DATA BELOW –
───

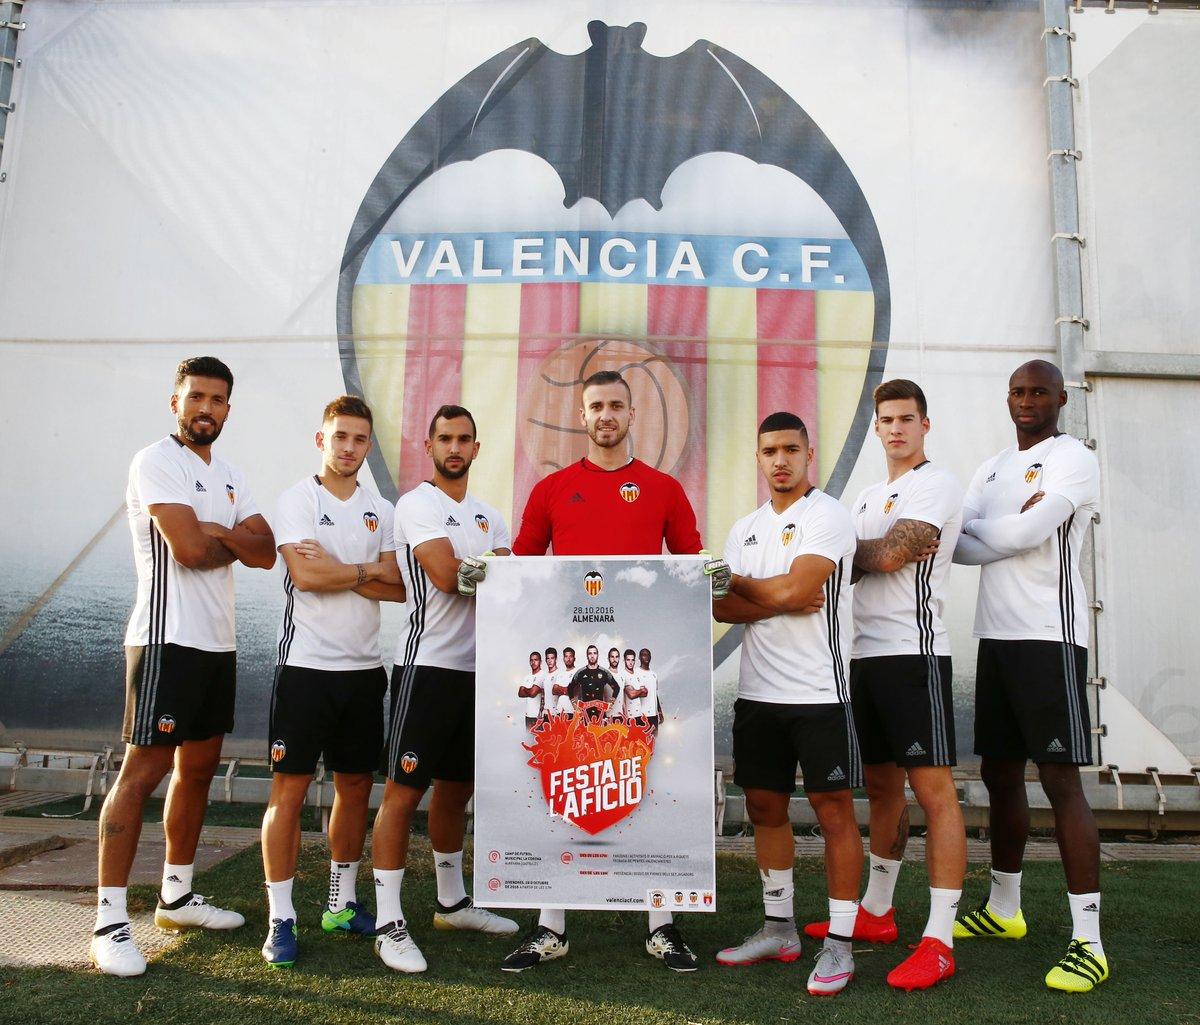 Hilo del Valencia C.F CvyfL7KWcAAW9za
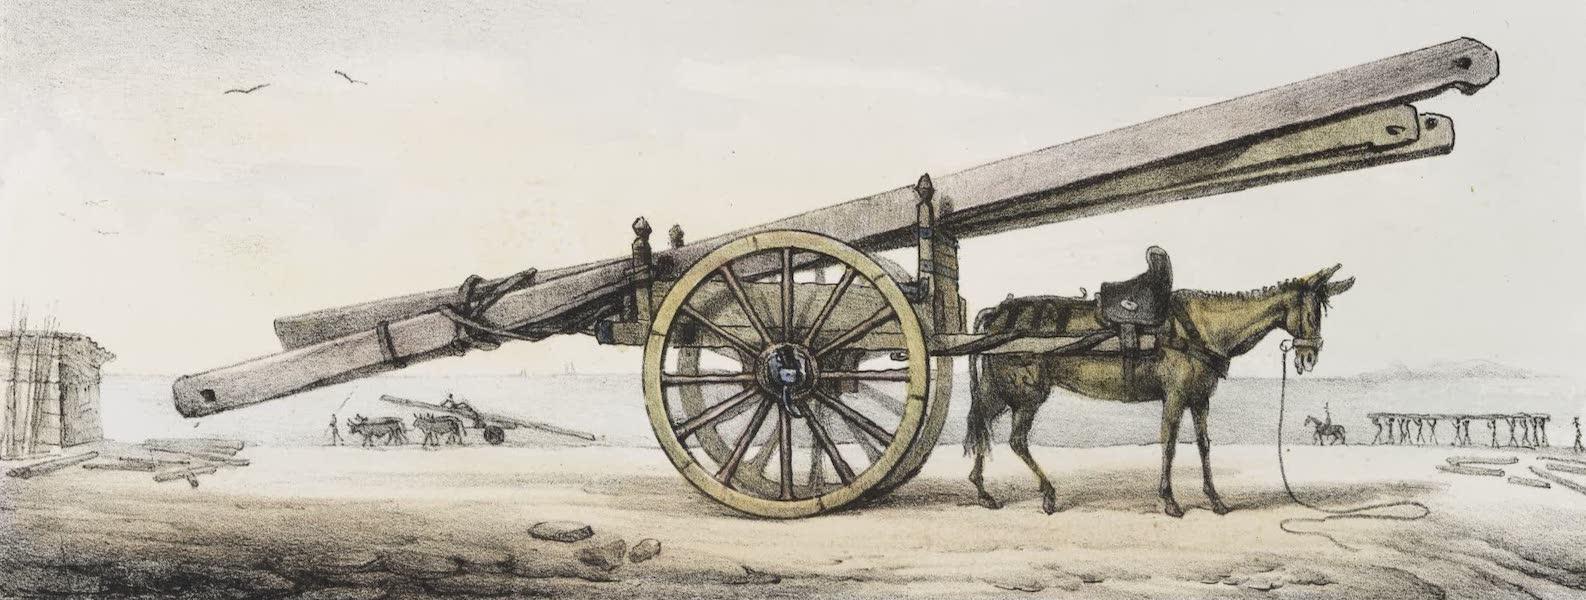 Voyage Pittoresque et Historique au Bresil Vol. 2 - Charroi de Bois de Charpente (1835)
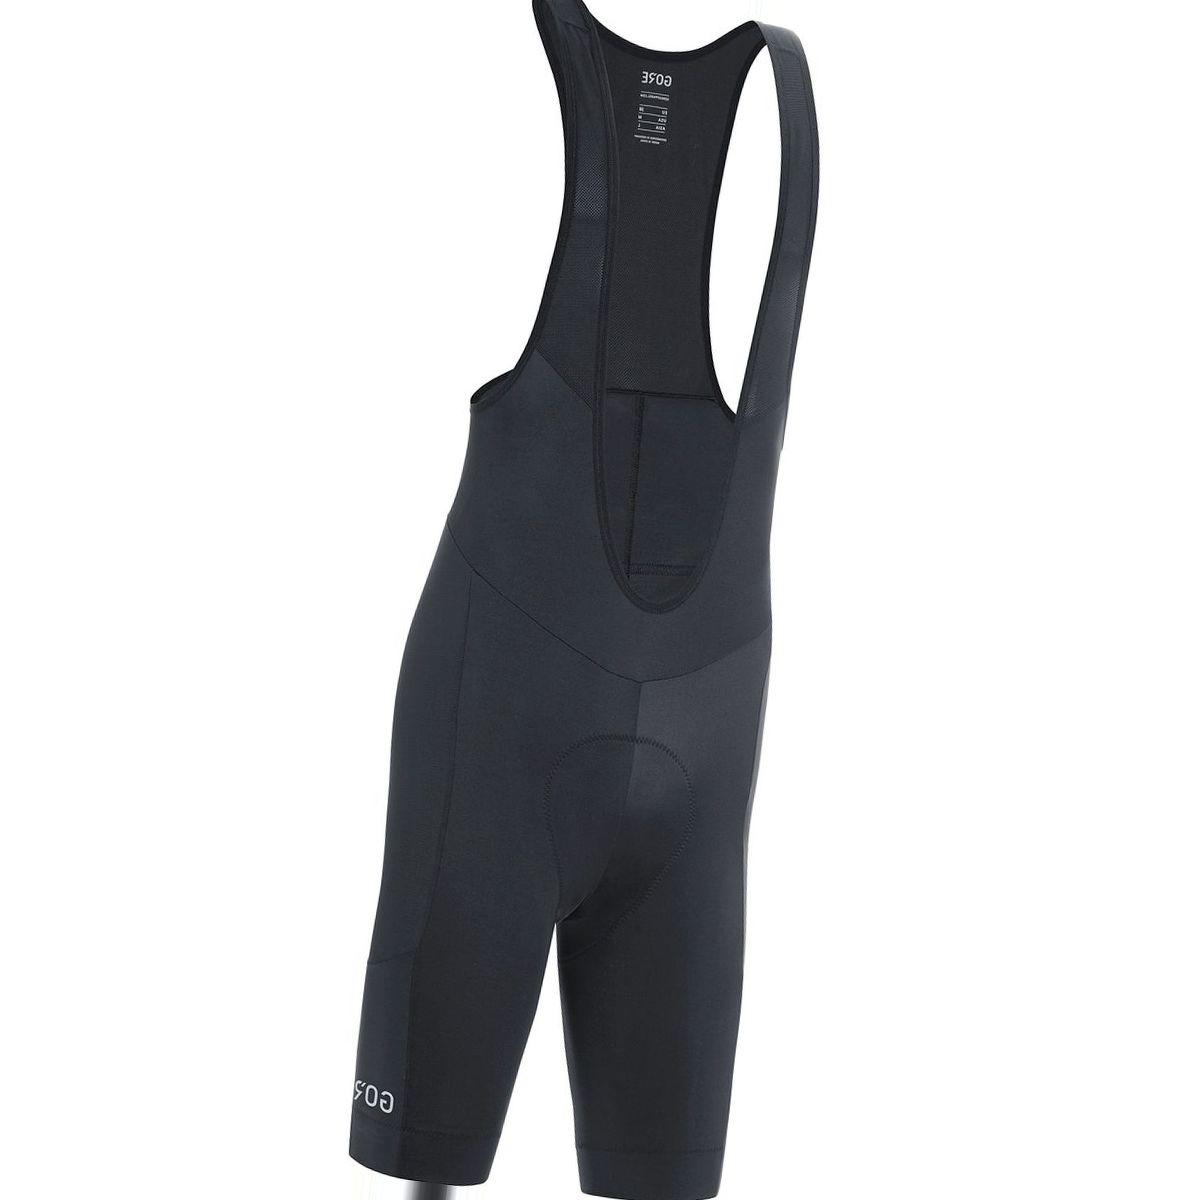 Gore Wear C5 Trail Liner Bib Shorts+ - Women's
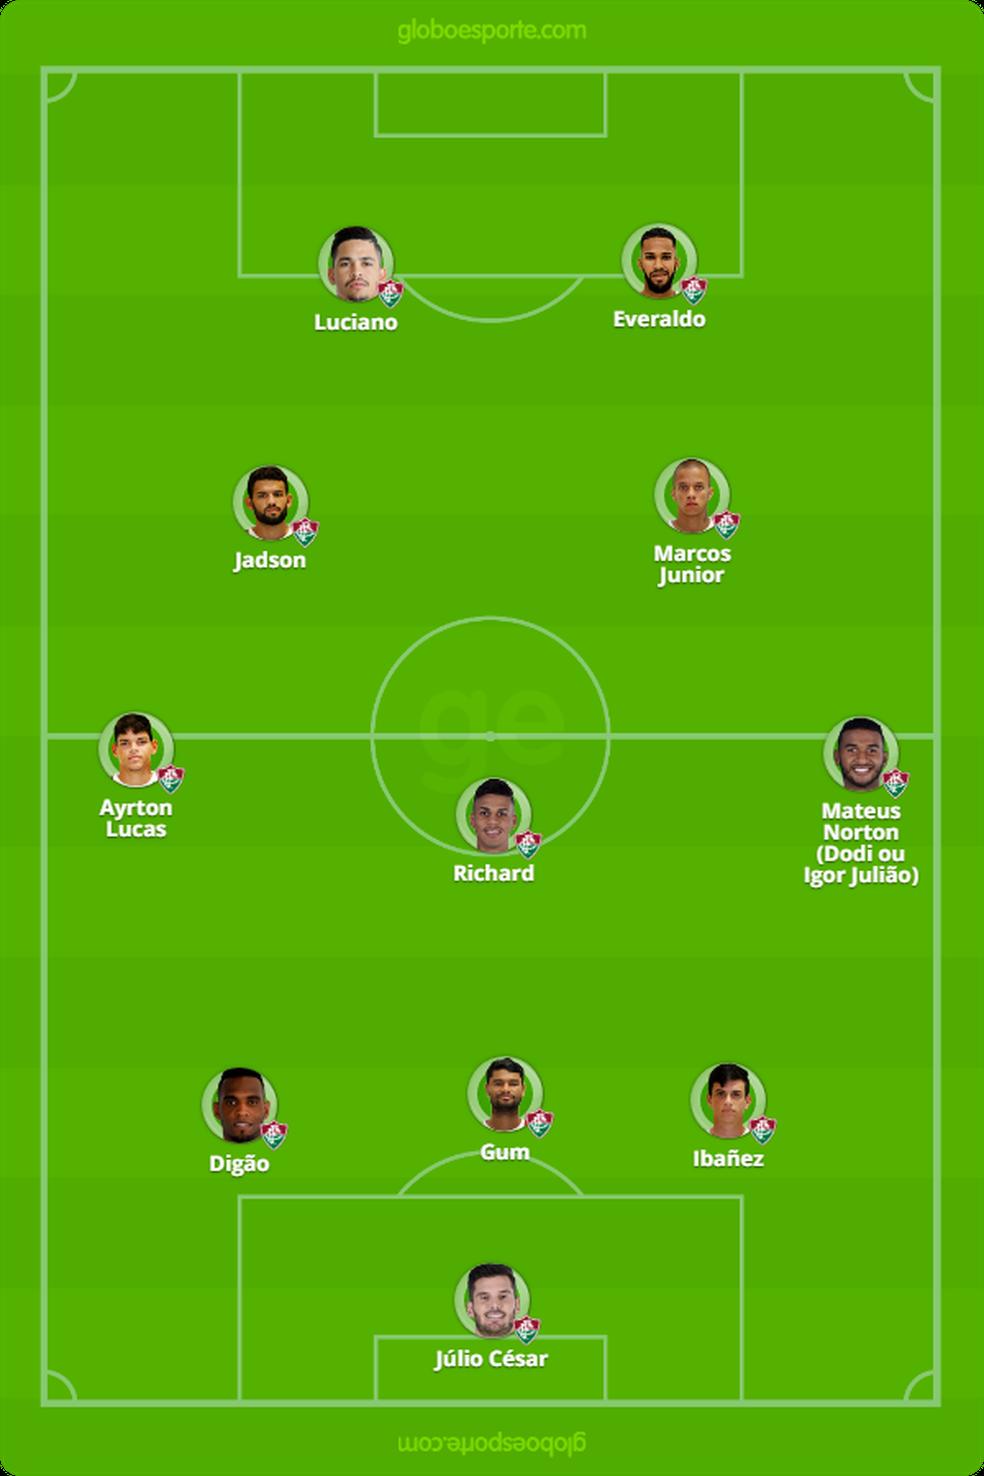 Provável escalação do Fluminense para enfrentar o Flamengo

───

For this exercise, retype the data above exactly and skip every image.

 Hilo del Valencia C.F CvyfL7KWcAAW9za
 Voyage Pittoresque et Historique au Bresil Vol. 2 - Charroi de Bois de Charpente (1835)
 Gore Wear C5 Trail Liner Bib Shorts+ - Women's
 Provável escalação do Fluminense para enfrentar o Flamengo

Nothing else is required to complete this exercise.